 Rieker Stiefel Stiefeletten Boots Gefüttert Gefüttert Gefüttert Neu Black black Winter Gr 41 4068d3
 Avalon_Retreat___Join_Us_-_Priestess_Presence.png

* * *

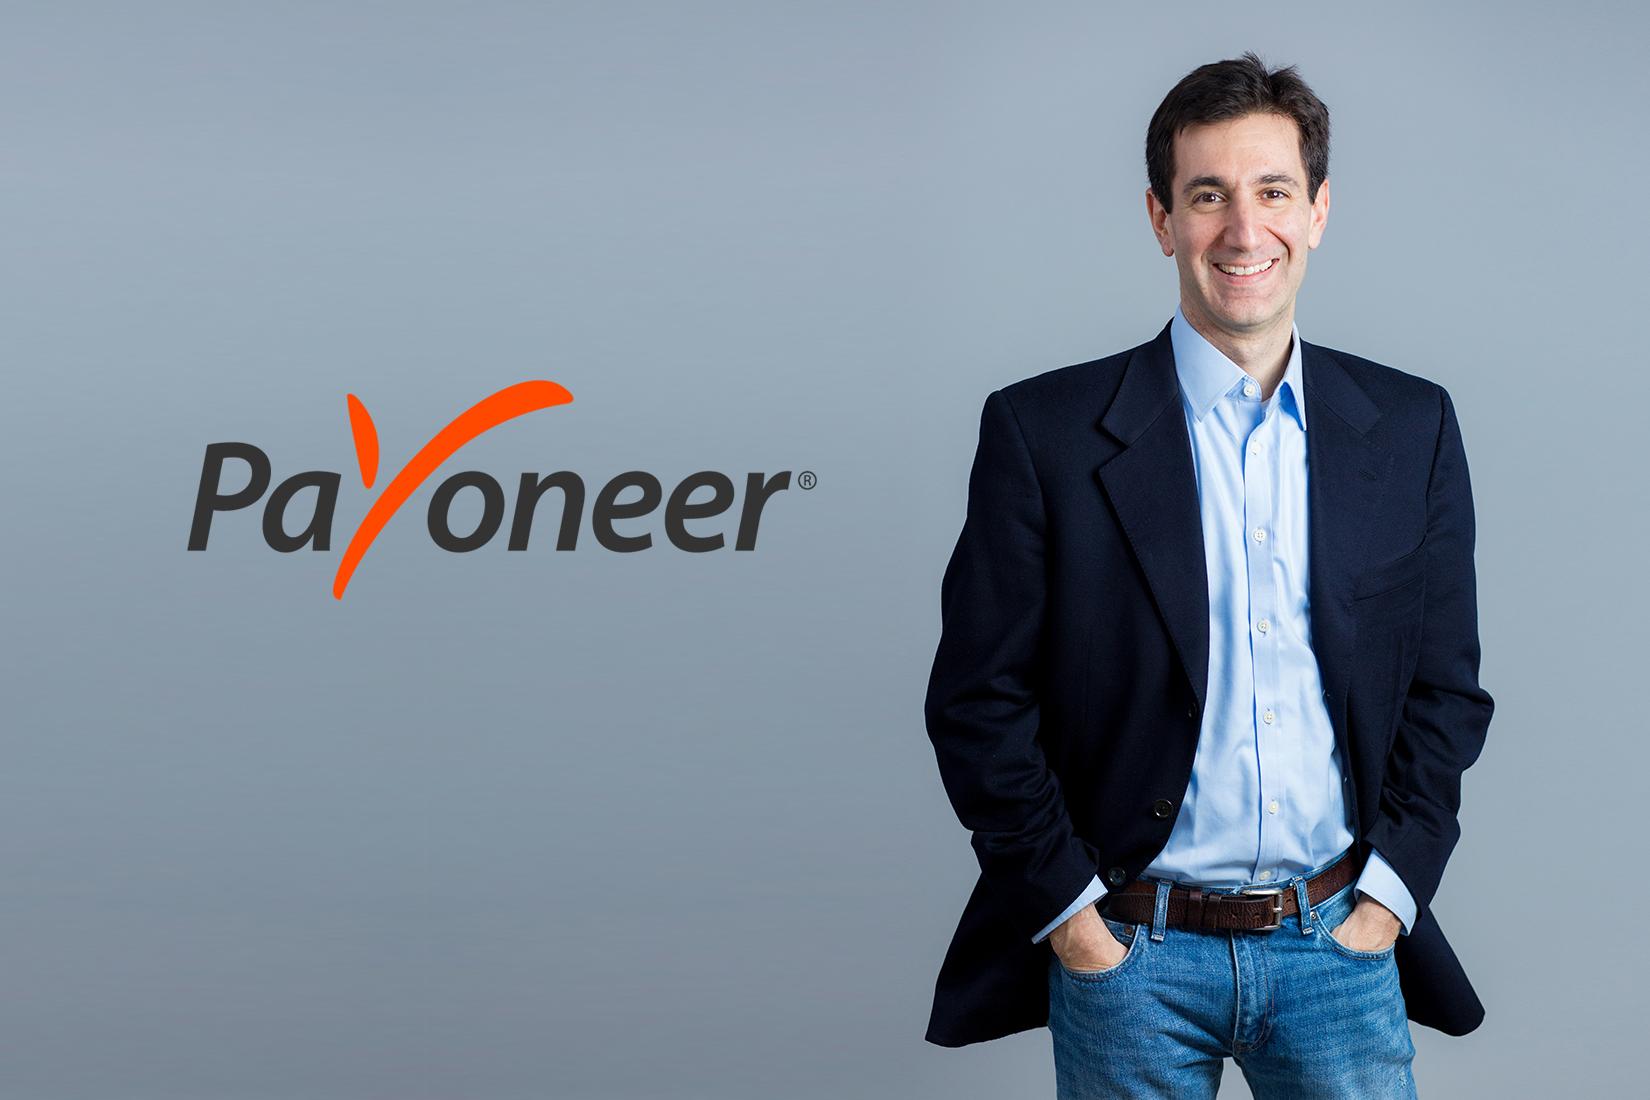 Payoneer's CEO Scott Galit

Try it: Taking the listing above as the source, transcribe only the lines starting at the line with "Rieker Stiefel Stiefeletten" and going through the line with "Avalon_Retreat___Join_Us_-_Priestess_Presence.png", unaltered and with both ends included.

The completed task:
 Rieker Stiefel Stiefeletten Boots Gefüttert Gefüttert Gefüttert Neu Black black Winter Gr 41 4068d3
 Avalon_Retreat___Join_Us_-_Priestess_Presence.png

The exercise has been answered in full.